Beck: Ich verweise auf die Antwort zur Vorfrage.
sueddeutsche.de: Wie werden Sie mit der Linken aus einer Minderheitsregierung heraus umgehen? Da gibt es ja trotz gescheiterter Sondierungsgespräche ein paar inhaltliche Gemeinsamkeiten.
Beck: Wir werden jetzt unser Arbeitsprogramm erarbeiten und vorlegen. Erst dann werden wir ausloten, wo es von welcher Seite Kooperationsbereitschaft gibt.
sueddeutsche.de: Ist es vorstellbar, dass die FDP doch noch aus der Minderheitsregierung eine Ampel-Regierung machen könnte?
Beck: Ich habe vernommen, dass der Generalsekretär der FDP vorgeschlagen hat, nach der Sommerpause die Sondierungsgespräche mit uns wieder aufzunehmen. Das hat mich erstaunt. Aber ich wüsste gerne, für wen er da spricht. Uns ist in den Gesprächen aufgefallen, dass Landespartei und Landtagsfraktion nicht unbedingt mit einer Stimme sprechen. Was es nicht geben wird: Dass wir einen Tolerierungspakt mit einer der Parteien schließen, mit denen wir sondiert haben.
sueddeutsche.de: Ihnen fehlt eine Stimme zu Mehrheit. Haben Sie mit dem Gedanken an einen Überläufer aus den anderen Parteien schon abgeschlossen? Das wäre der einfachste Weg.
Beck: Es gibt einfache Wege und zu Weihnachten darf man sich auch immer was wünschen. Manchmal bekommt man auch überraschend etwas geschenkt.
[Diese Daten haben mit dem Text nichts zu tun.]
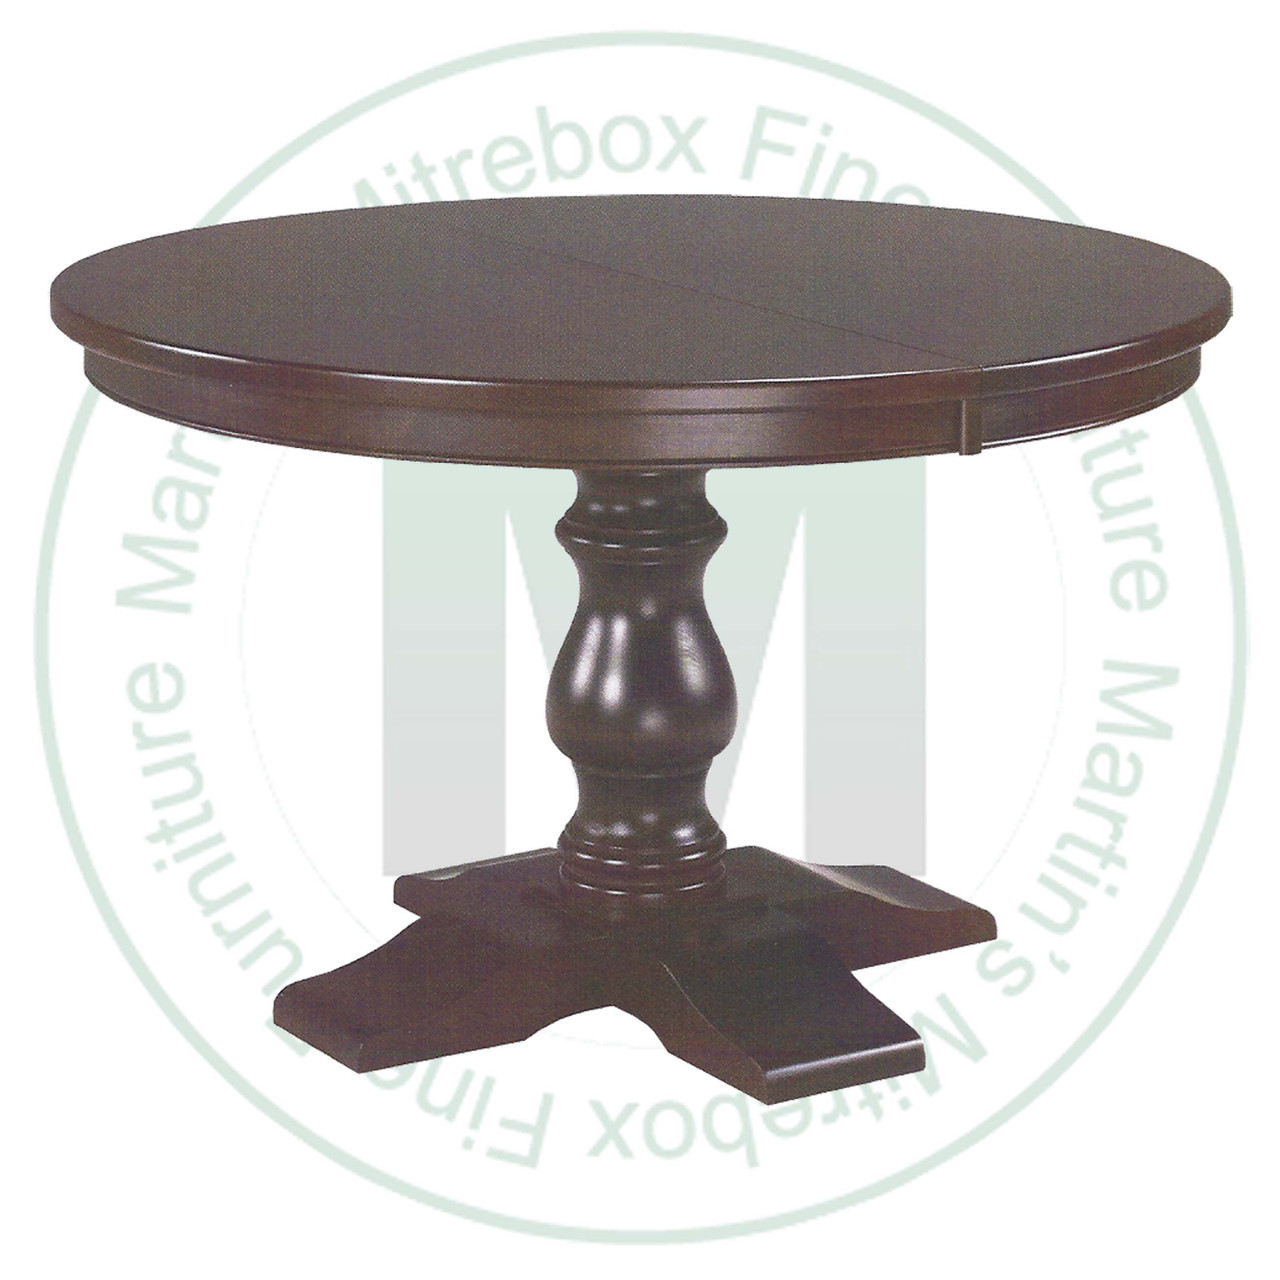 Oak Savannah Single Pedestal Table 60''D x 60''W x 30''H With 1 - 12'' Leaf Table

Mehr kann man dazu nicht sagen.
sueddeutsche.de: Werden Sie am Ende den Sessel des Justizministers geschenkt bekommen?
Beck: (lacht) Ich bin gerne in Berlin und die Arbeit als Erster Parlamentarischer Geschäftsführer meiner Fraktion macht mir Spaß. Jetzt geht es um die Inhalte, danach um den Rest.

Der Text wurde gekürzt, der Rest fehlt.